┏━━
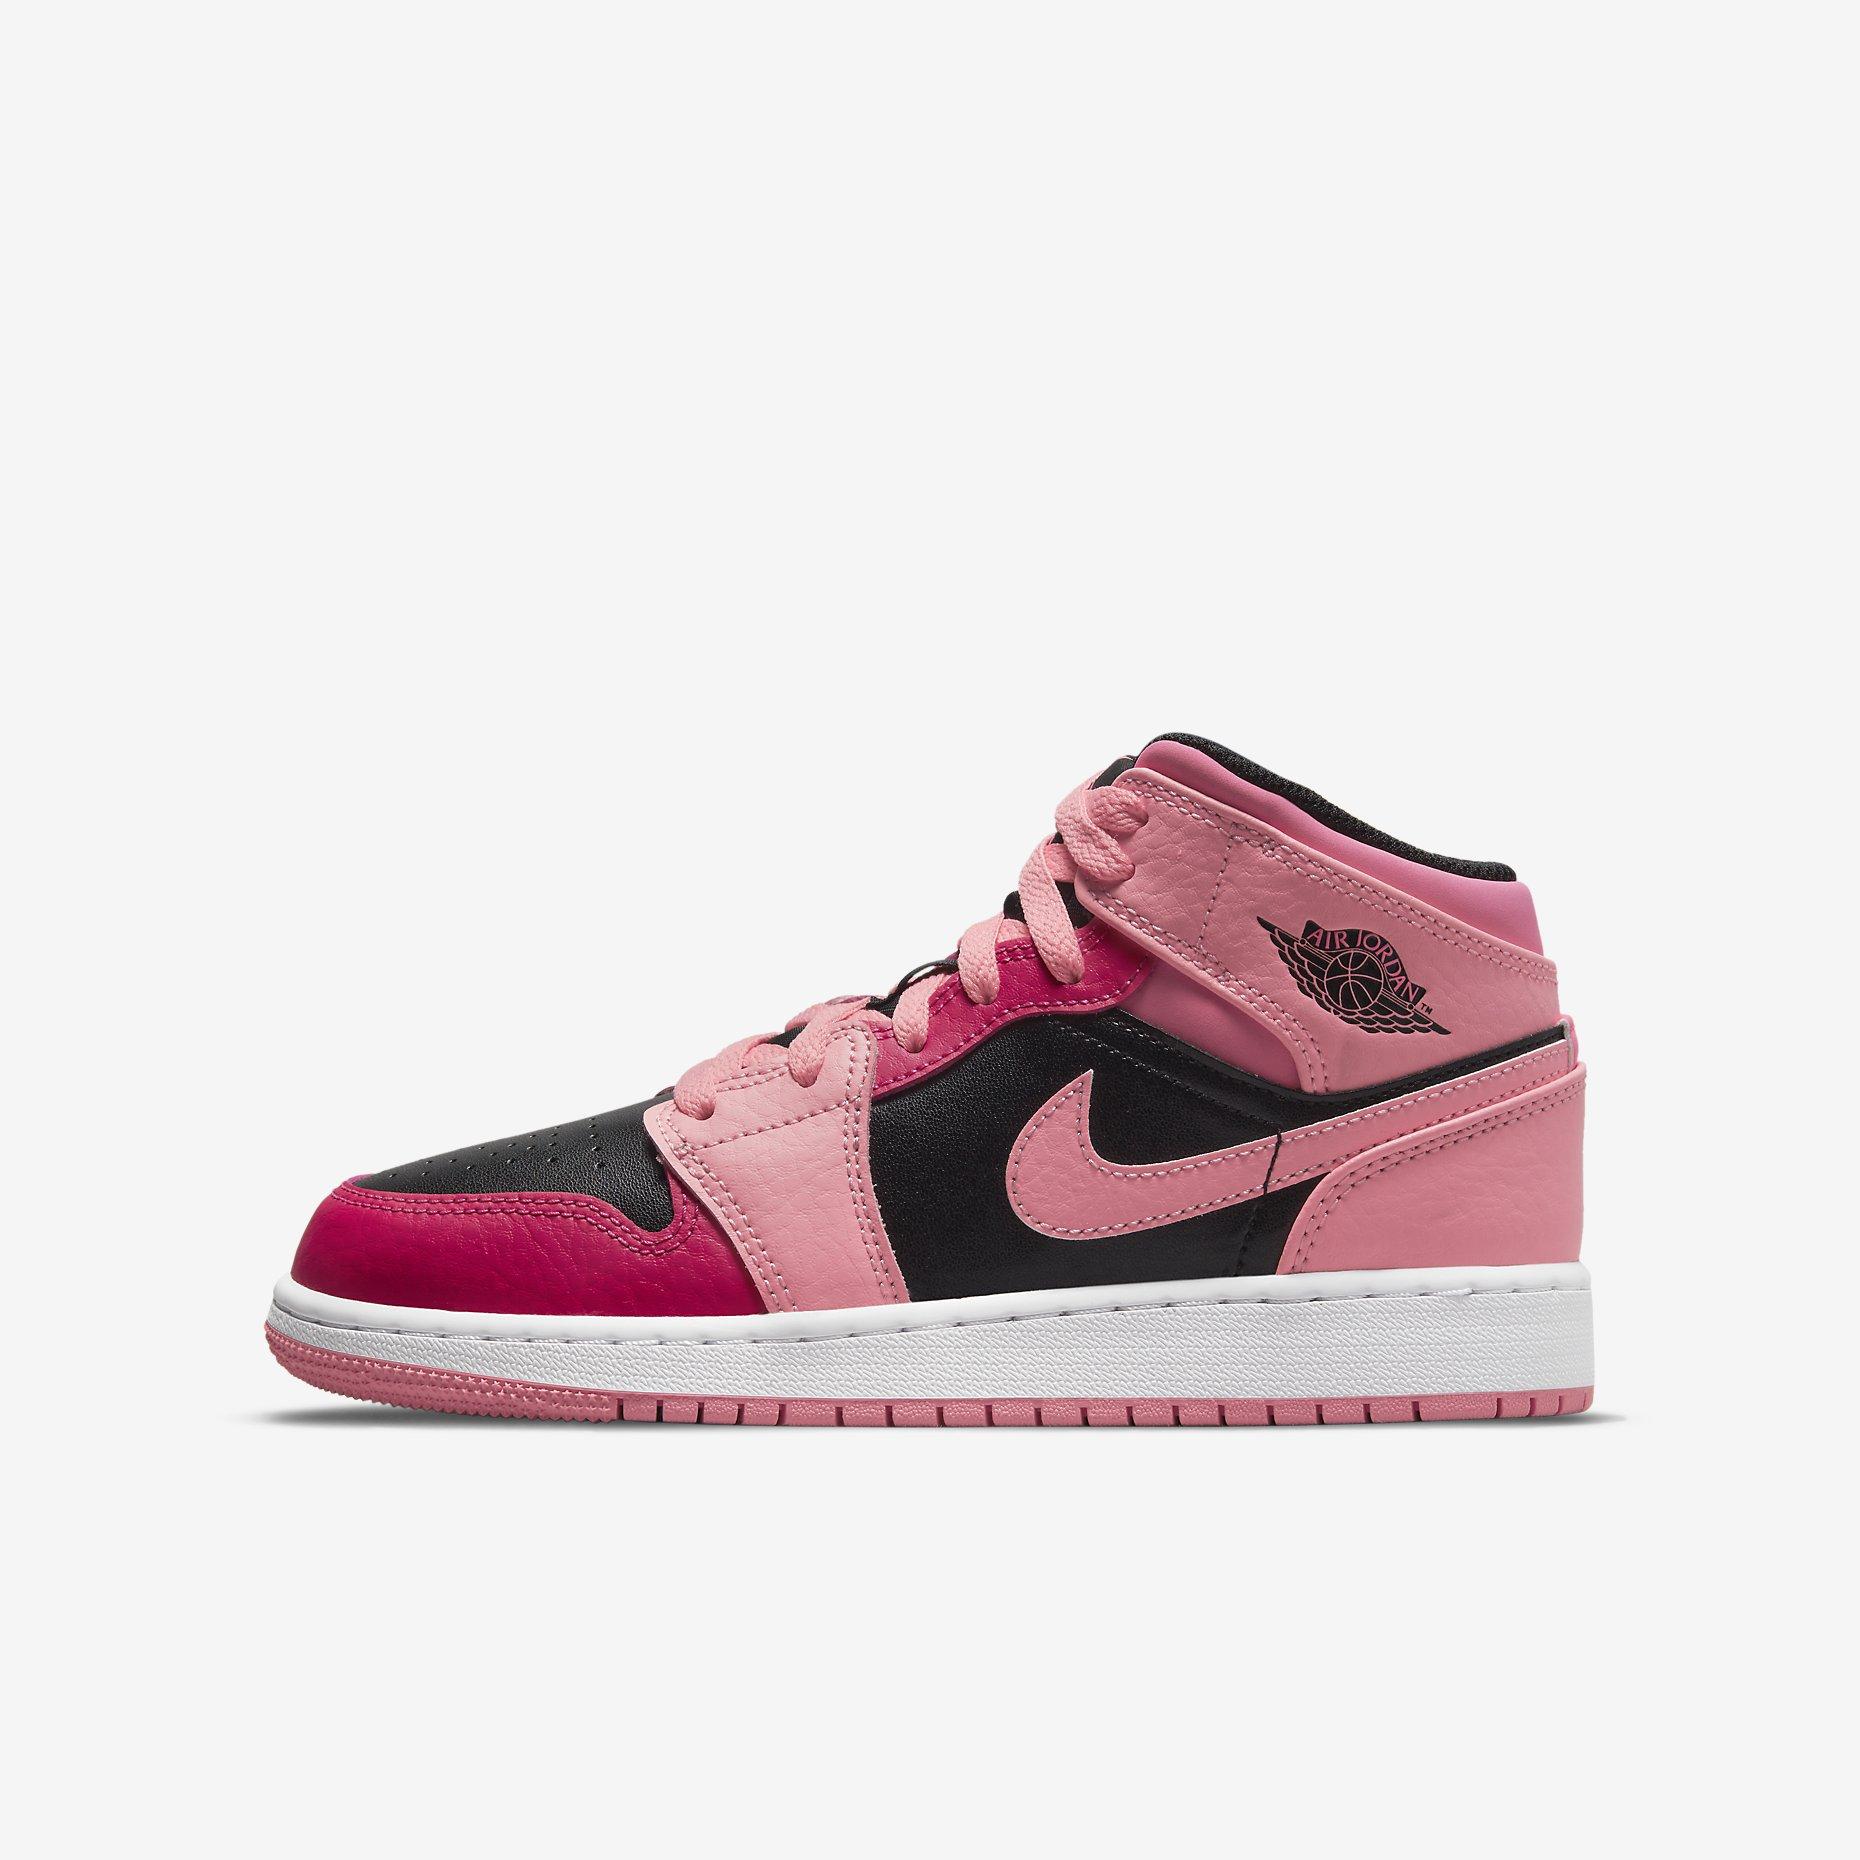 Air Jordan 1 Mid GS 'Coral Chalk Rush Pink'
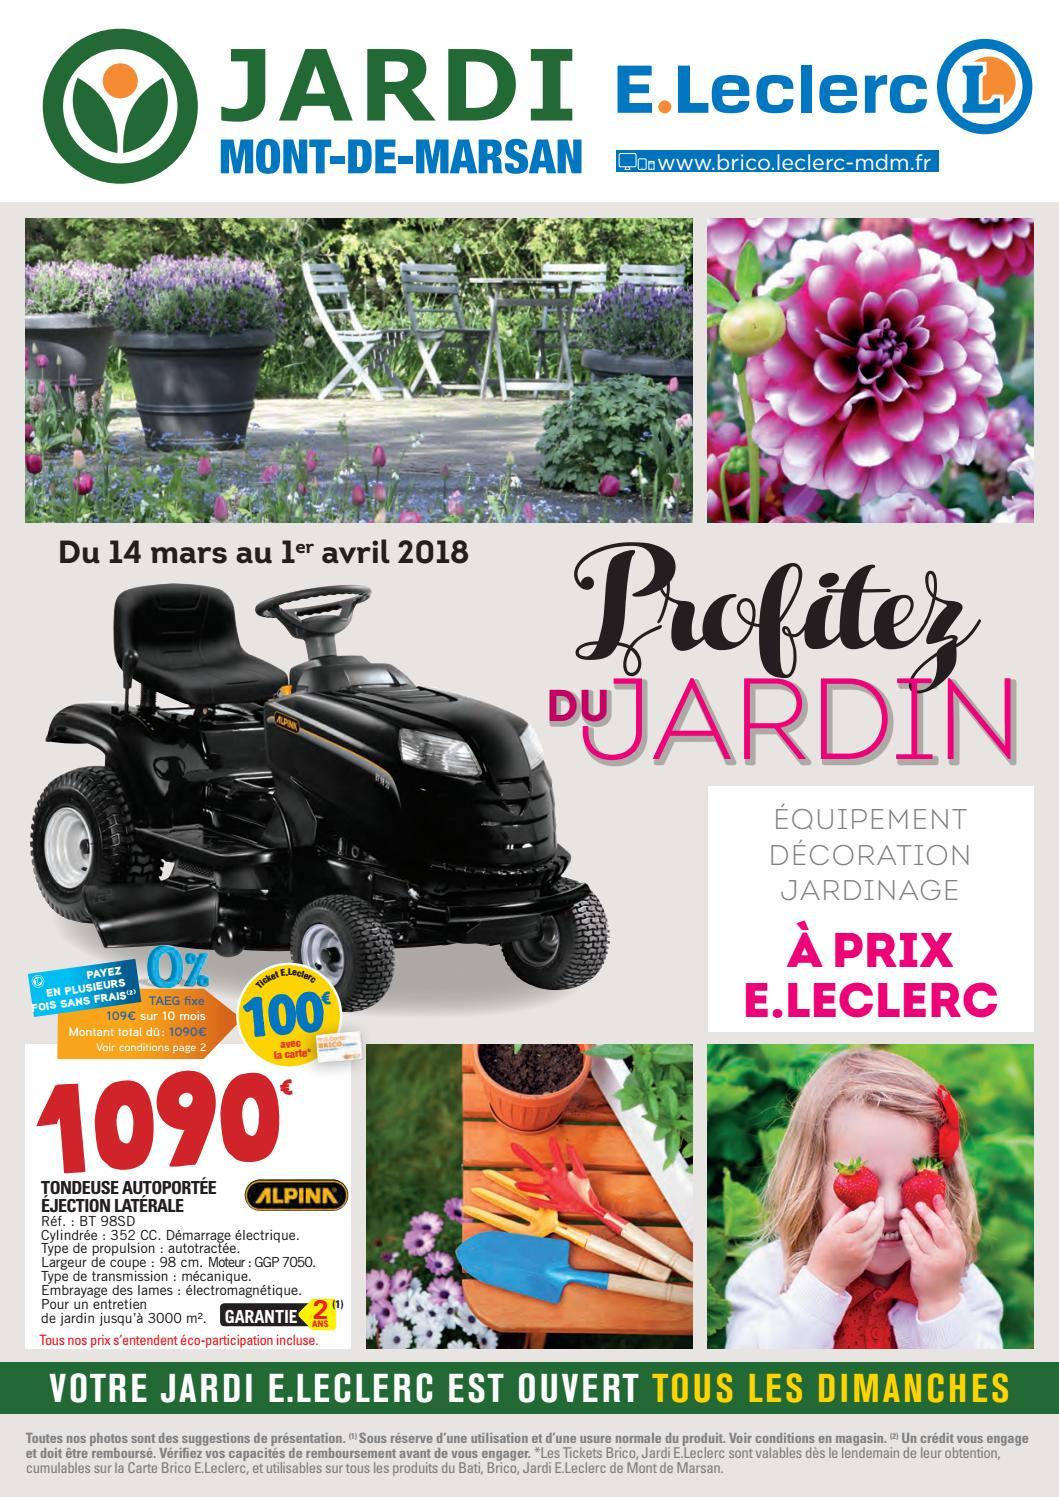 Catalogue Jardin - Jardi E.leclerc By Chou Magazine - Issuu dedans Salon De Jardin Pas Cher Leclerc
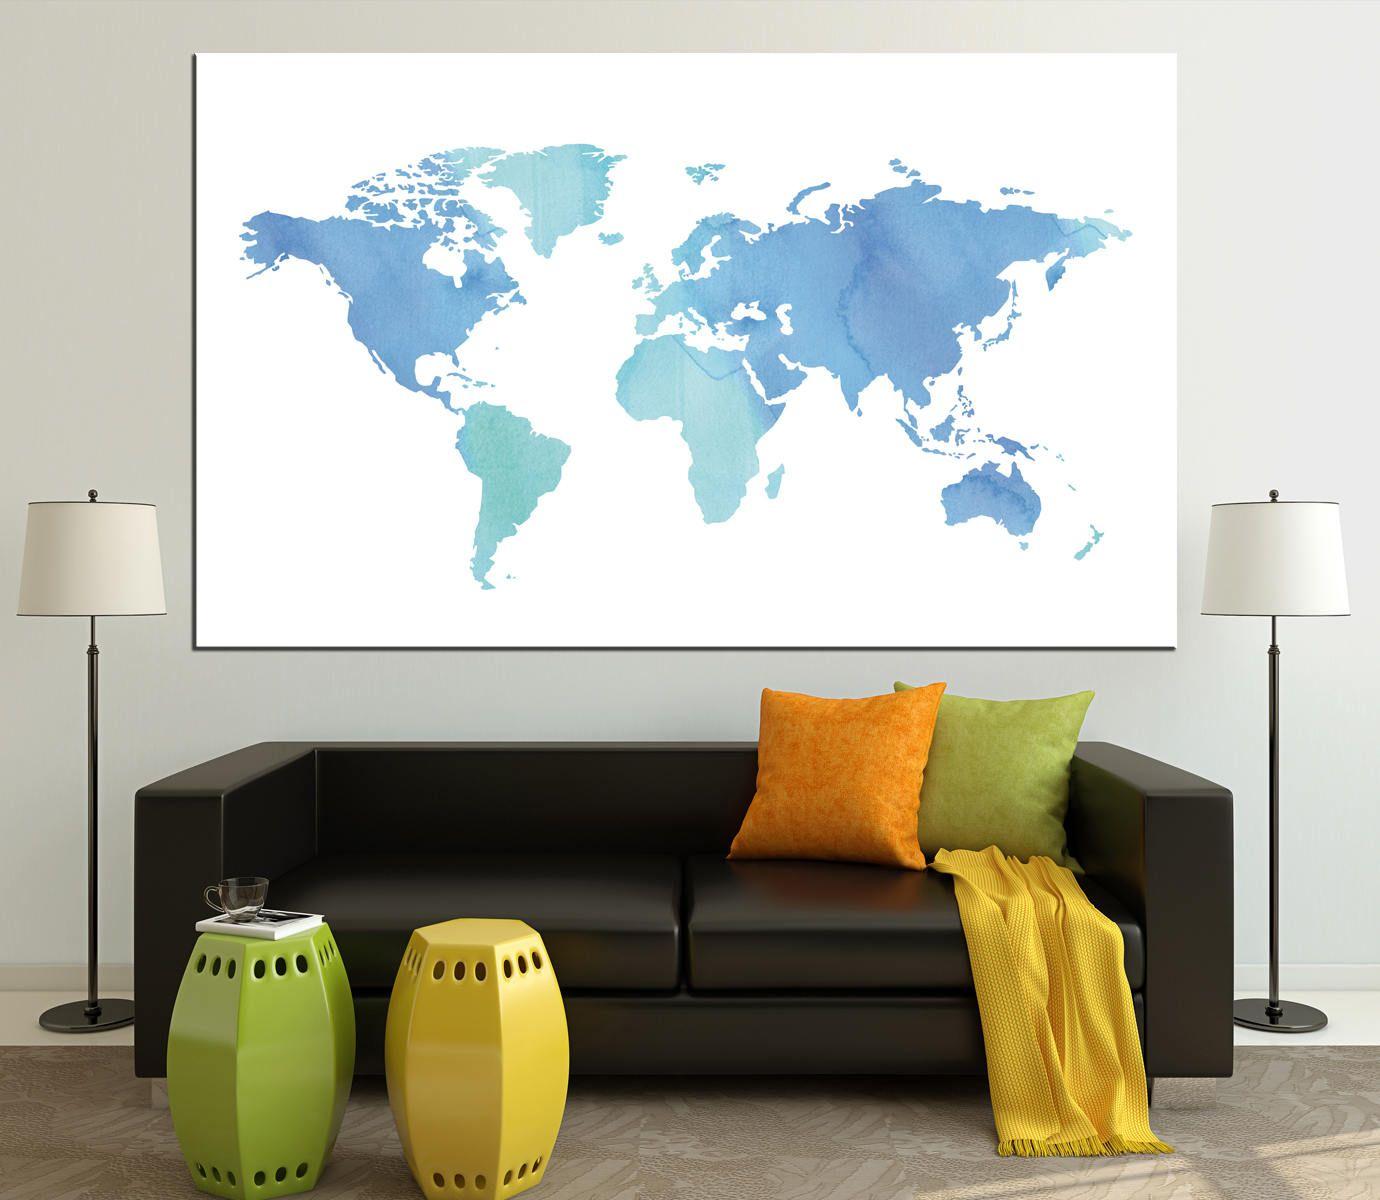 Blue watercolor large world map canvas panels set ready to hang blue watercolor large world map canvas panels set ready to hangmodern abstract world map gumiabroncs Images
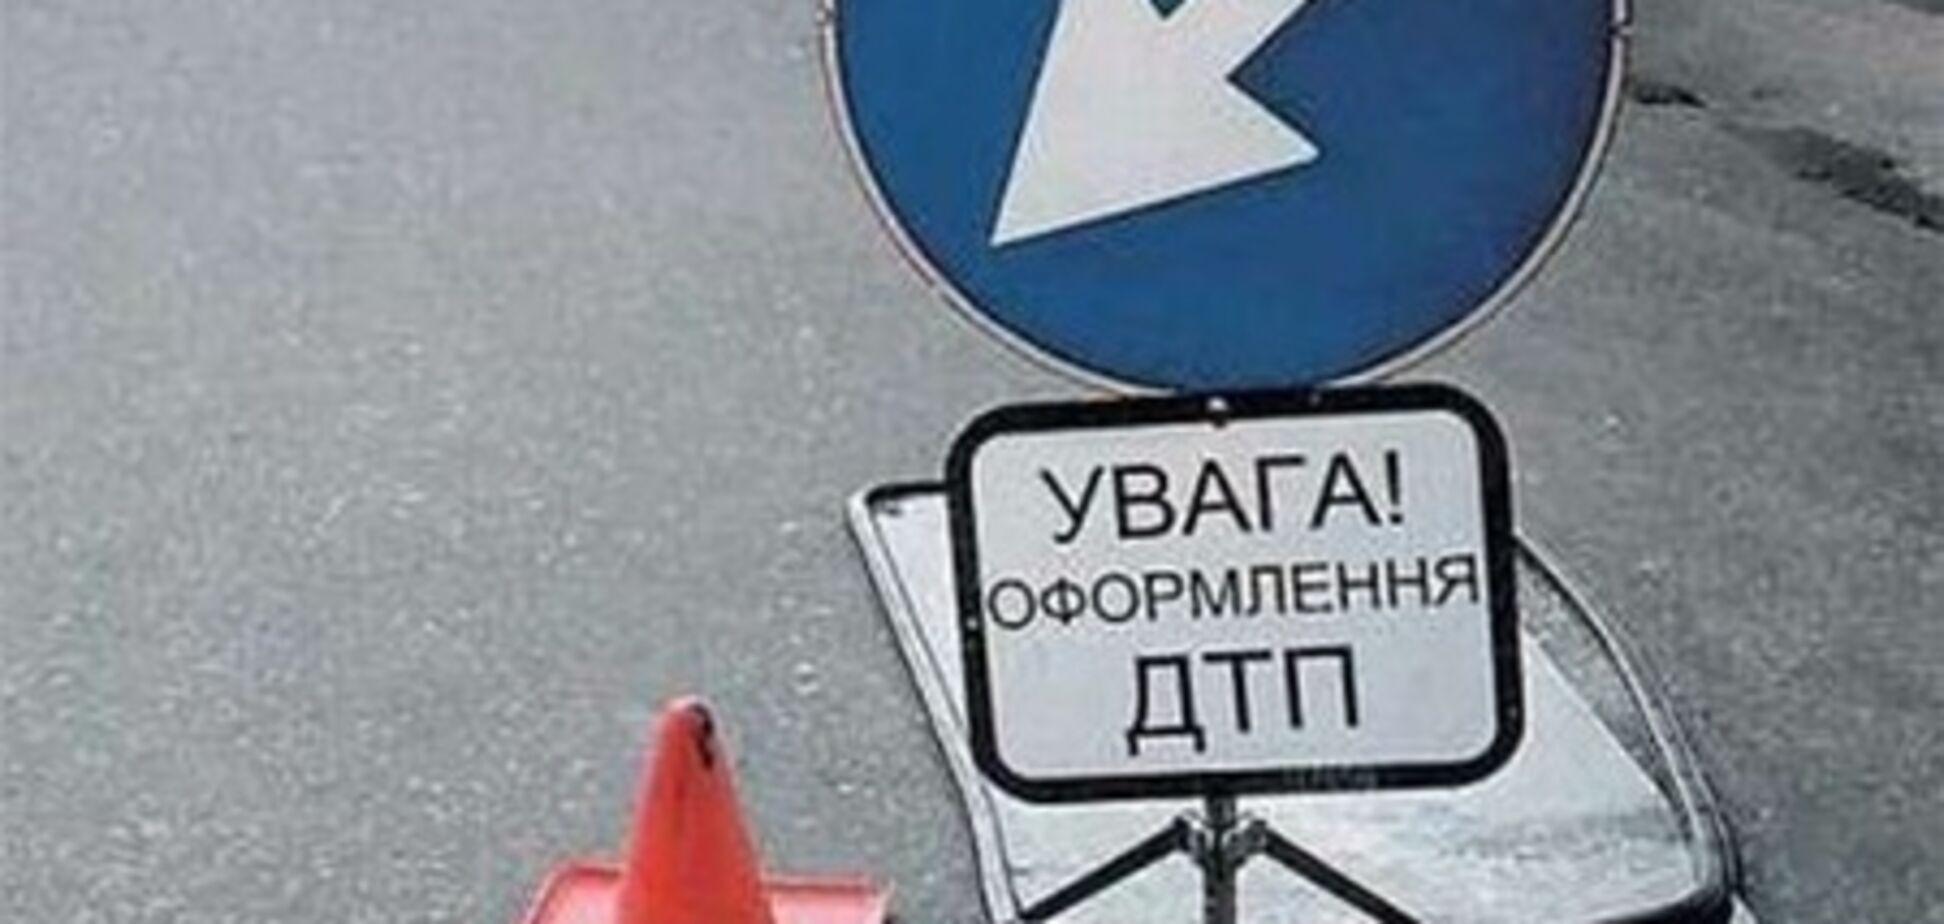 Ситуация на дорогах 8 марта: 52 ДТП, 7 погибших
┗━━
→ Exercise prompt: Extract the lines exactly, please: the first line of the listing, the line with "map gumiabroncs Images", and every line between them, but no pictures.

→ Solution below:
 Air Jordan 1 Mid GS 'Coral Chalk Rush Pink'
 Catalogue Jardin - Jardi E.leclerc By Chou Magazine - Issuu dedans Salon De Jardin Pas Cher Leclerc
 Blue watercolor large world map canvas panels set ready to hang blue watercolor large world map canvas panels set ready to hangmodern abstract world map gumiabroncs Images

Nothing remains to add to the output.